Survey Analysis: Determining the Right Process for Reporting Your Data
Have you ever been involved in a survey research project and, once data starts to come in, thought, “Now that I have this data, what’s the best way to showcase the information?” It’s a common challenge amongst researchers and one we’ve successfully tackled by evaluating the survey’s components through a series of questions outlined below.
We all know that surveys are a versatile and cost effective way to collect data of all different types. They are considered a relatively simple research tool and are used across all industries in various forms. For example, agricultural industry relies heavily on grower/farmer surveys in order to compile data on management practices, as part of stewardship and outreach efforts. However, once collected the question becomes how to efficiently analyze and present survey-collected data. There are multiple clues found in the collection process itself that factor into how the data can be best reported:
Does the data require anonymization? A basic rule in survey data collection is that information related to identity or privacy protection must be altered or removed in such a way that the subject can no longer be linked to the survey data. We have found that developing a strong data anonymization process provides an additional comfort level for survey subjects who provide data in a voluntary survey format. For example, sometimes the survey can be completely anonymized with no identifying information collected. Other times, a secondary survey can be completed if a list of participants is required. If identifying information is collected, however, we’ve found that the assignment of protected and coded identifiers provides a mechanism to anonymize dataset.
What was the sample size and response type? Data analysis from survey results requires an understanding of the sample size and response types, whether in the form of numerical or text data. Multiple choice responses and close- or open-ended text responses must be considered differently for analysis and reportability. Summary statistics, including evaluation for normal distribution, as well as descriptive statistics and significance testing can be applied to survey response data during this step.

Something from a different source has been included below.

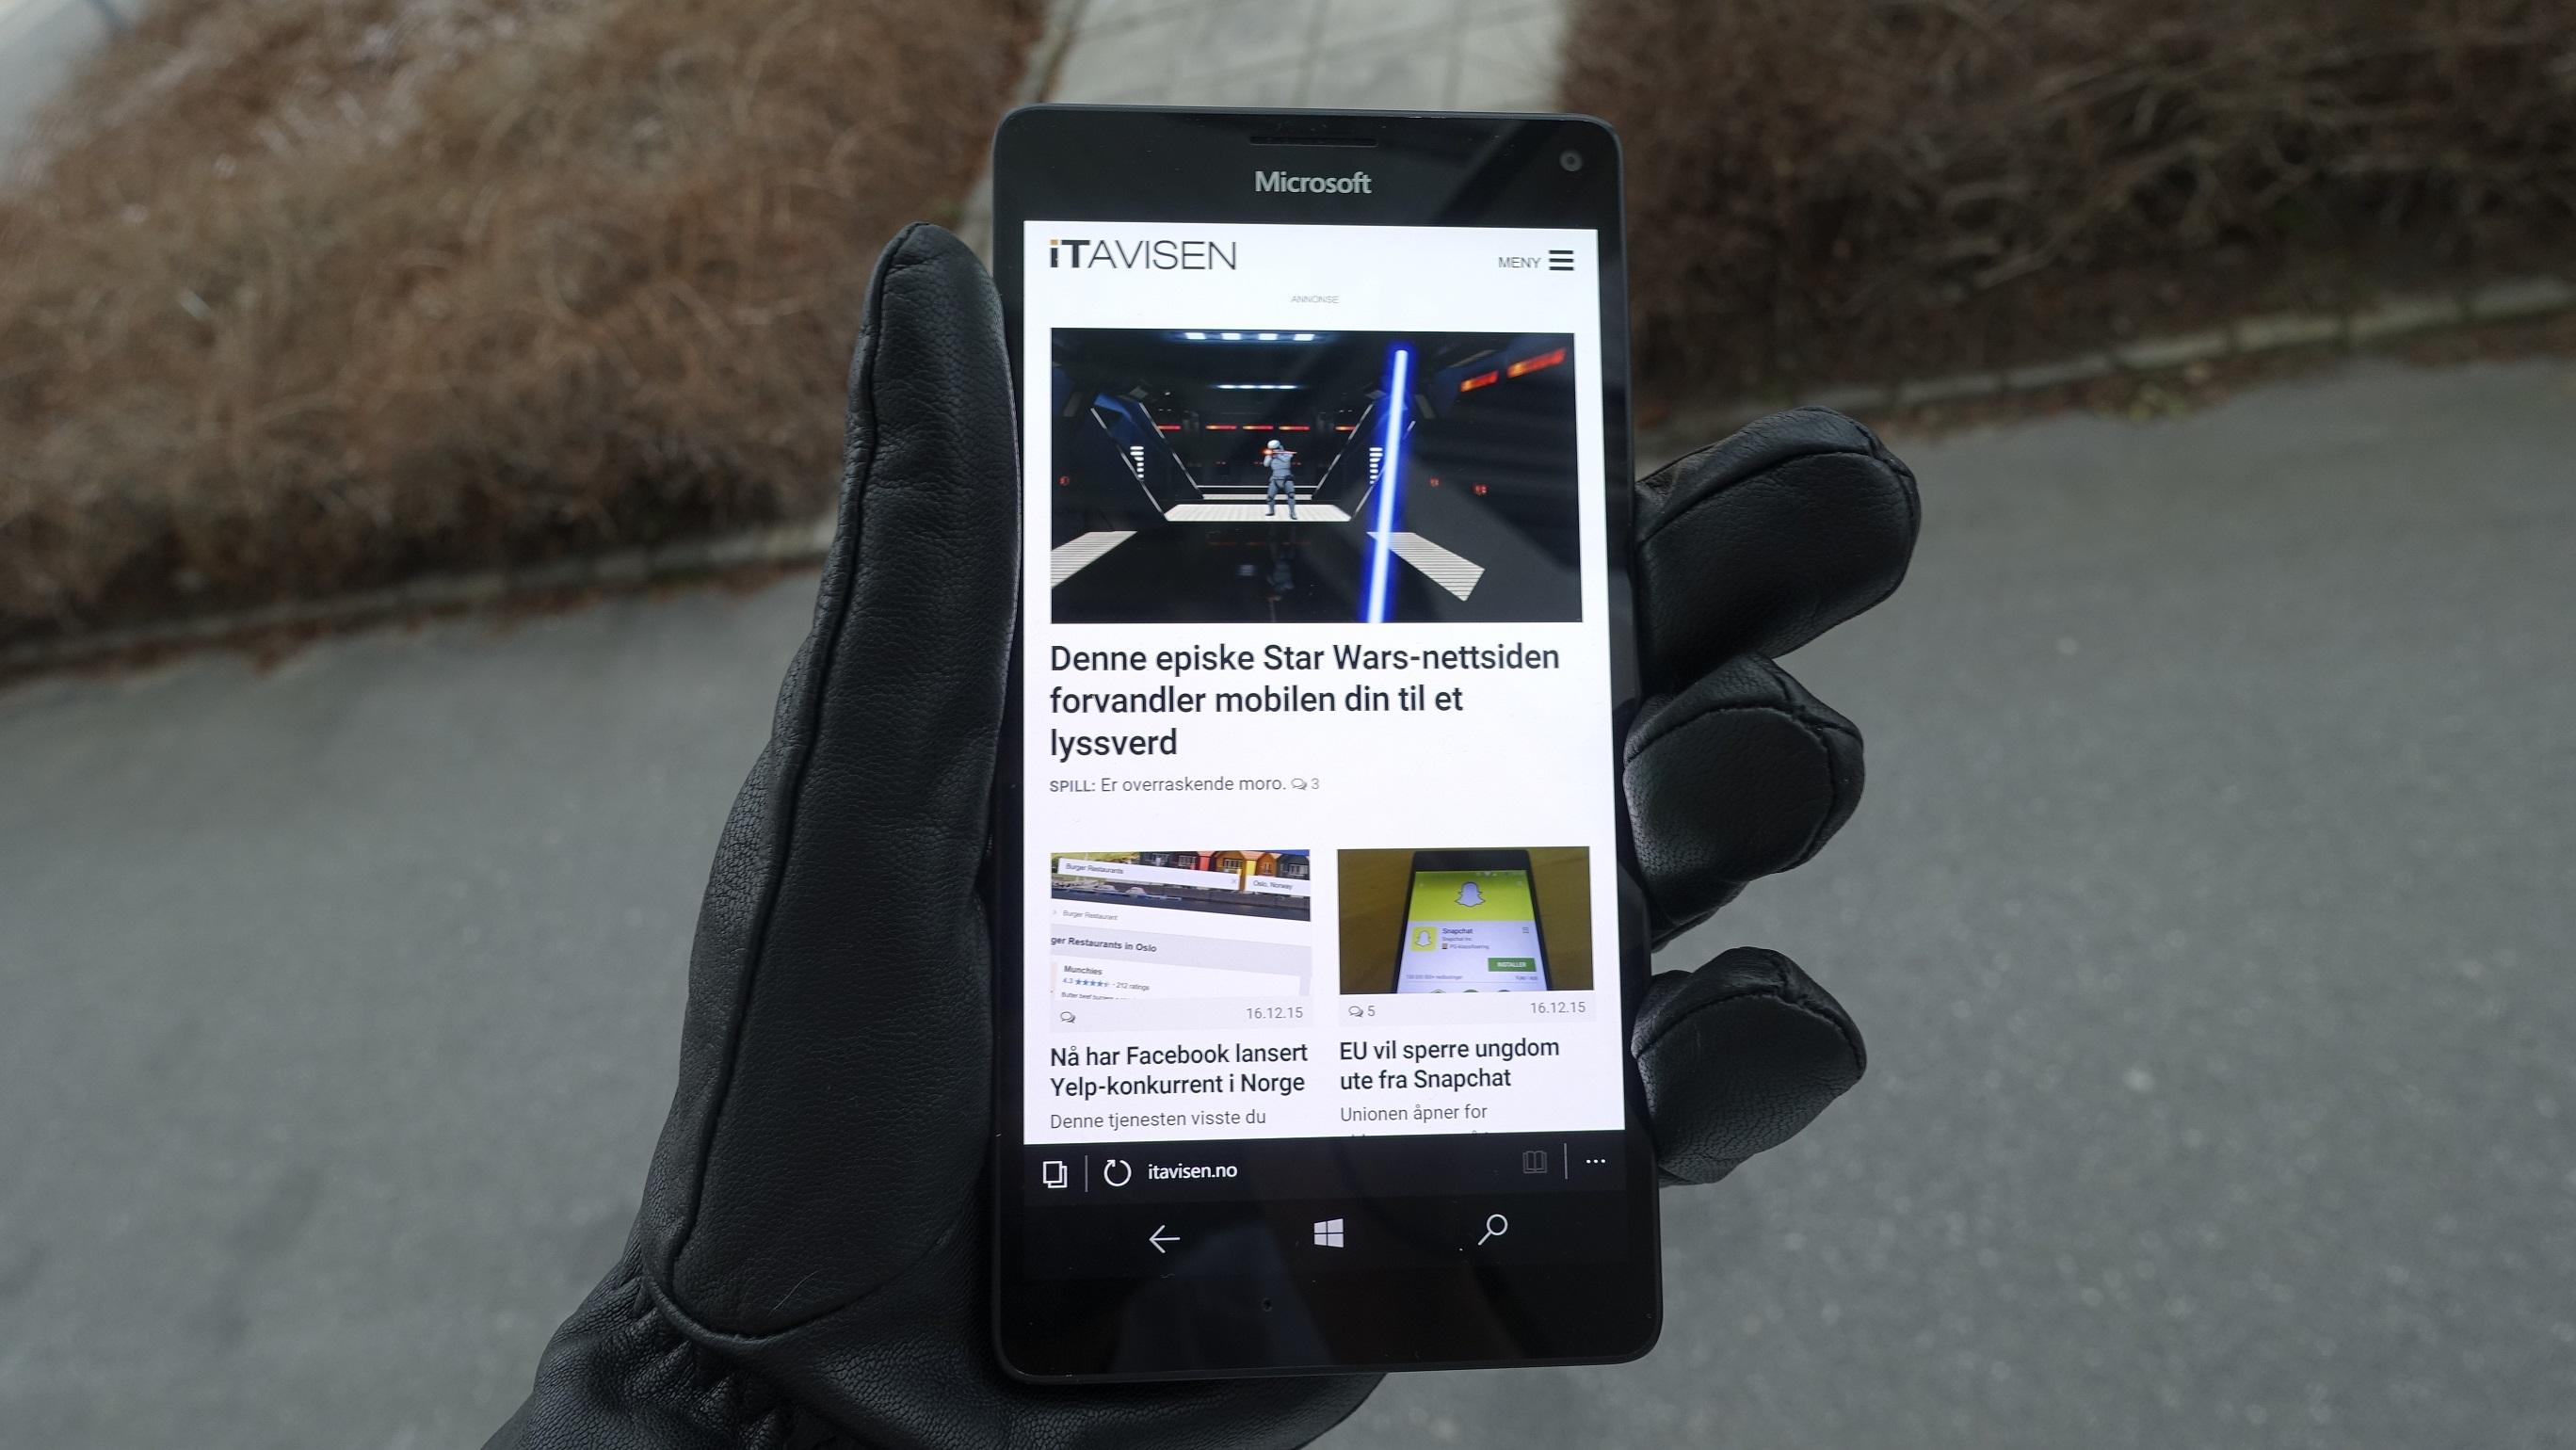 Nok en bunnotering for Microsoft Windows Phone.

How large and complex is the data? If the survey data is particularly large or complex, various database tools are available for data organization and analysis. Beyond the use of simple spreadsheets, we have used tools such as the ArcGIS Survey123 application from the ESRI Geospatial Cloud. If we’re compiling records from various databases for processing, we have applied python scripts to extract data and store them in Microsoft SQL databases. The development of application programming interfaces (APIs) then allow us to bridge the gap between our database and output reports and web tools.
As a part of the data analysis step, it is also critical to understand the uncertainty in the data set. Questions to consider may include:
- Was the sample size sufficient?
- Was random or non-random sampling applied?

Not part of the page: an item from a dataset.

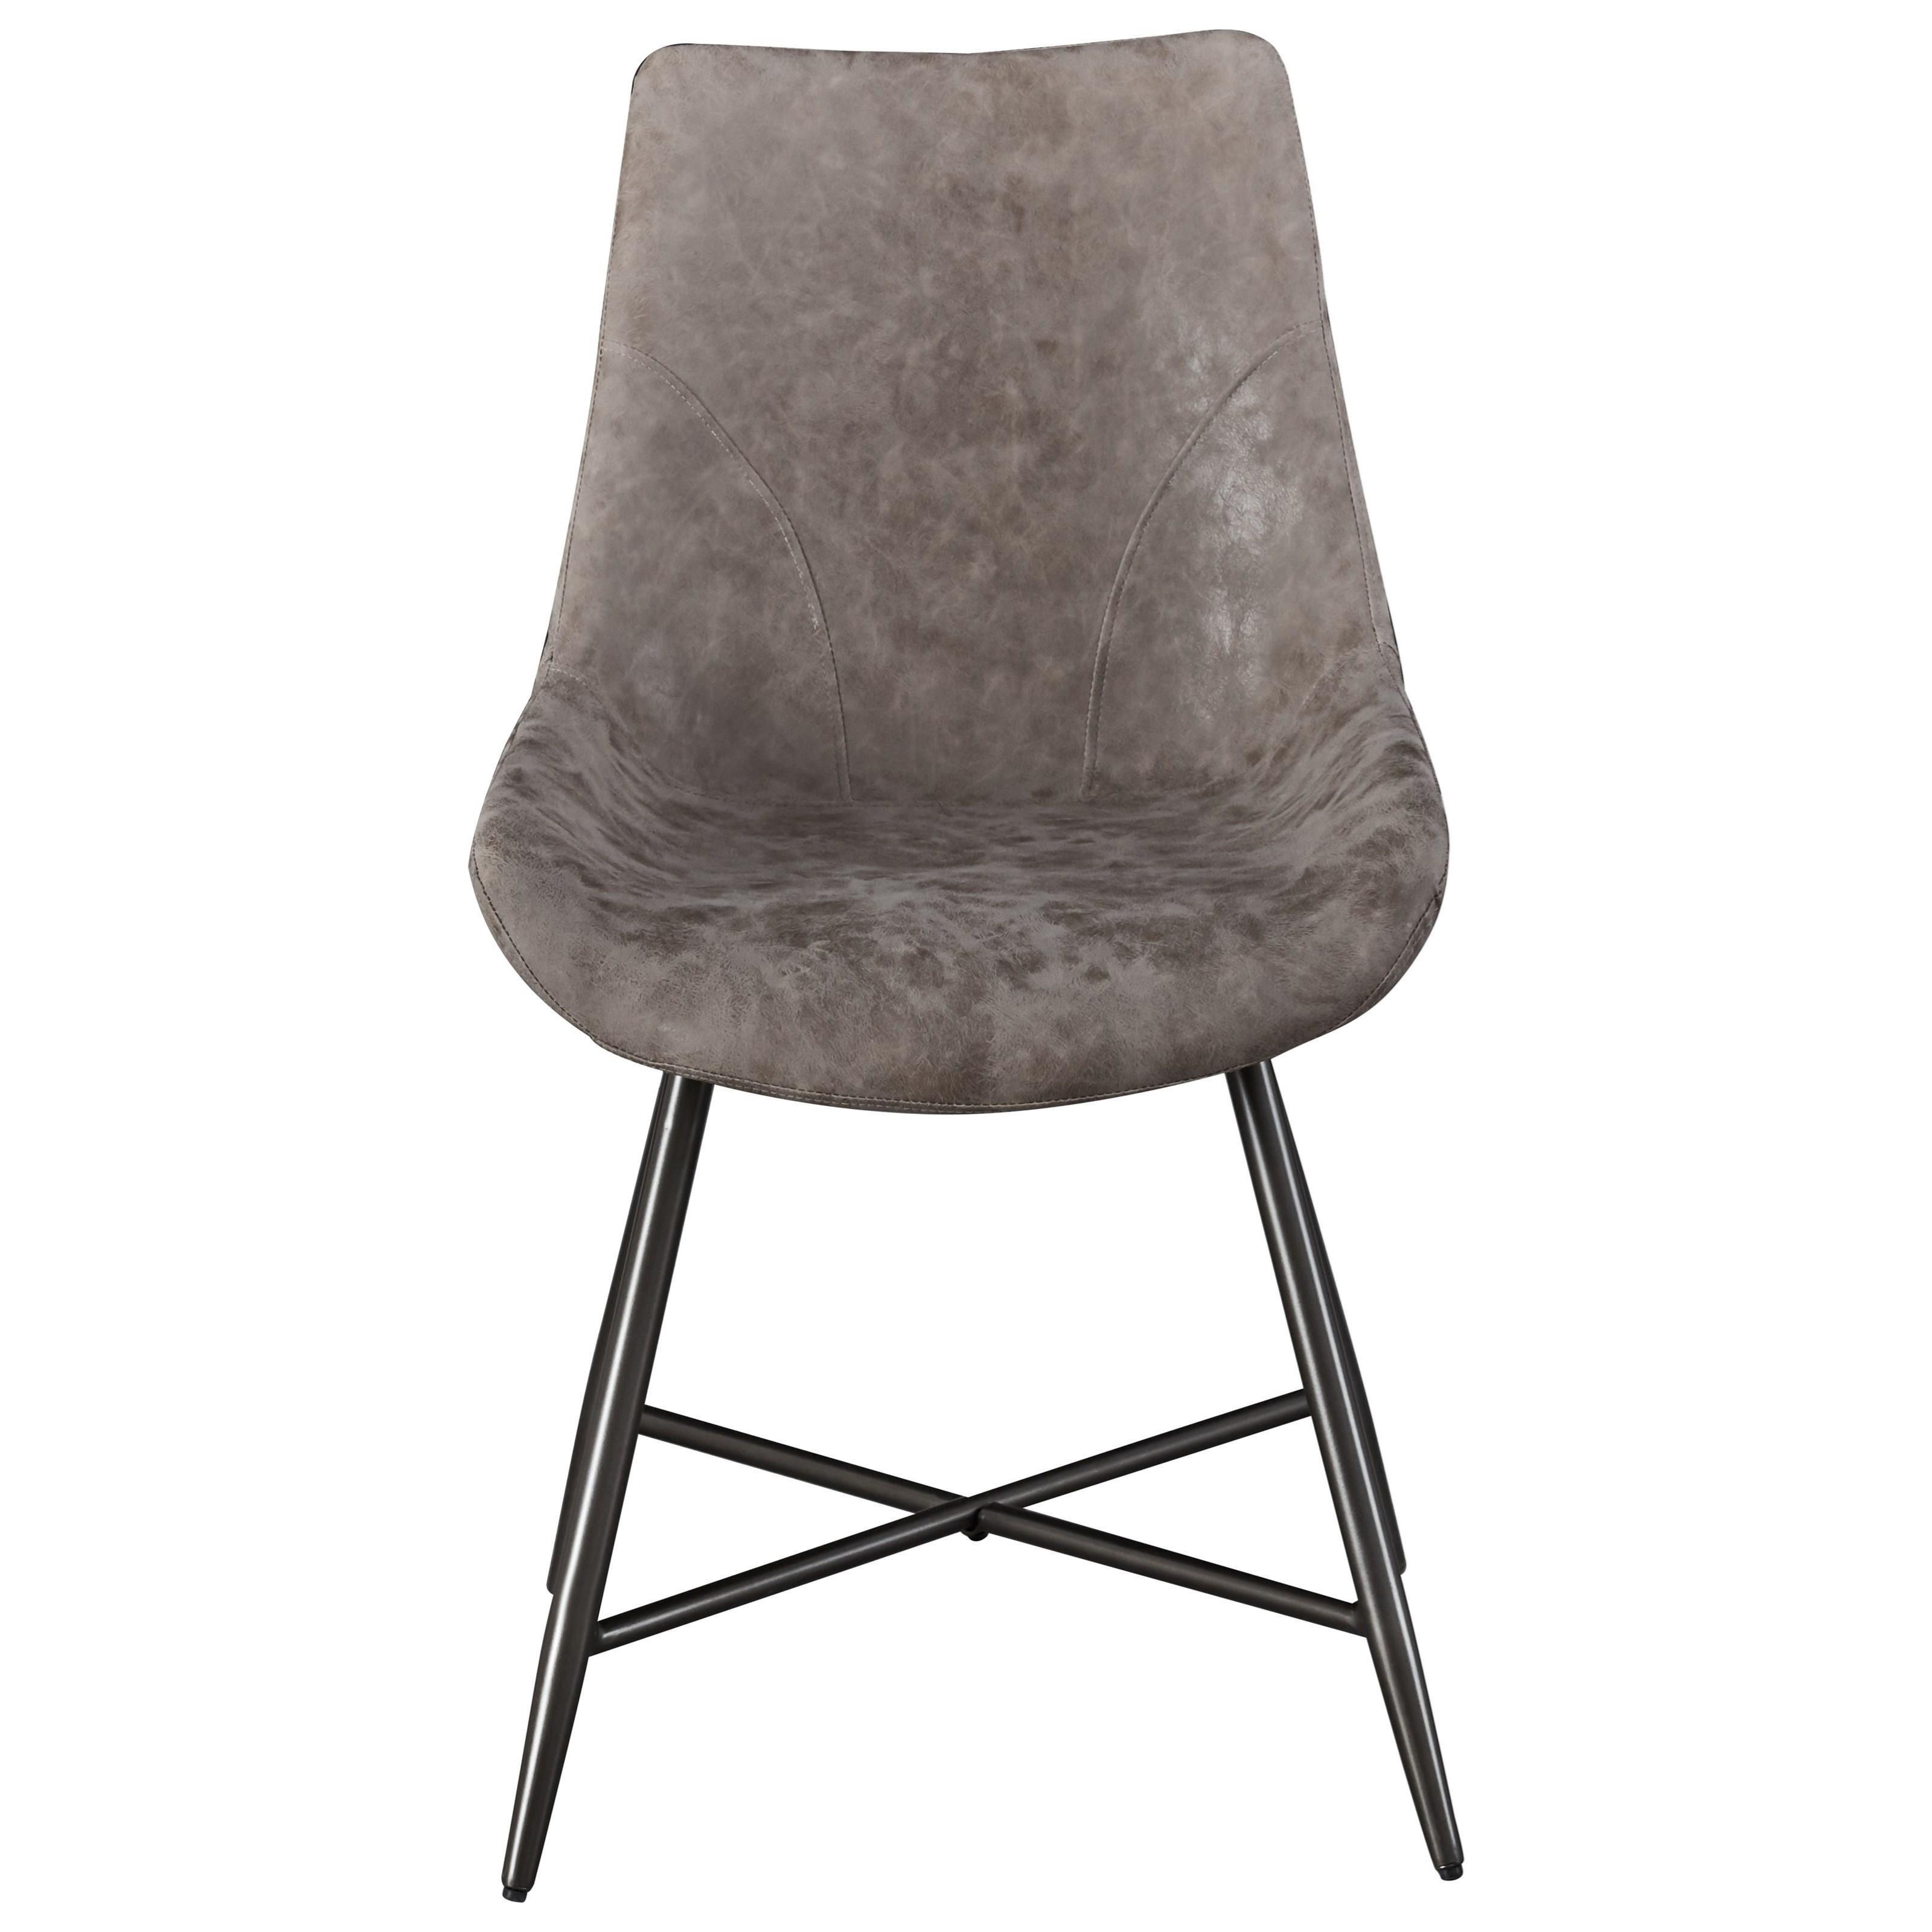 Ramona Faux Rawhide Side Chair by Steve Silver at Walker's Furniture

- What was the response rate?
- How did the people who agreed to participate differ from those who declined?
- How was the survey administered (paper, electronically, in-person, or telephone interview), and
- How could the administration format impact participation or responses?
How will the final report be presented? Our goal is to always present survey results in a format that clearly and concisely communicates the data and aligns with the aim of the research. How we accomplish this goal boils down to our end audience. Will it be presented within a scientific setting with in-the-know users or will it have a more general audience, such as a company’s C-Suite Executives? Do we need to provide supporting data or can the results stand on their own?
We strive to make the information instantly understandable and, as such, often employ a mix of graphic and pure data presentations. For example, we have found that customized end-user reports with graphical data presentation has been of particular use for growers and farmers participating in agricultural surveys. We have been able to graph metrics over time for a single grower’s performance, as well as comparisons to other growers in a way that maintains the anonymity of all survey contributors. You likely see similar graphical presentations on your monthly electric bill, which serves as a simple mechanism to communicate trends overtime and comparisons.
Answering the above questions will help ease the challenges associated with presented survey data which, in turn, results in more straight-forward communication and greater data usage.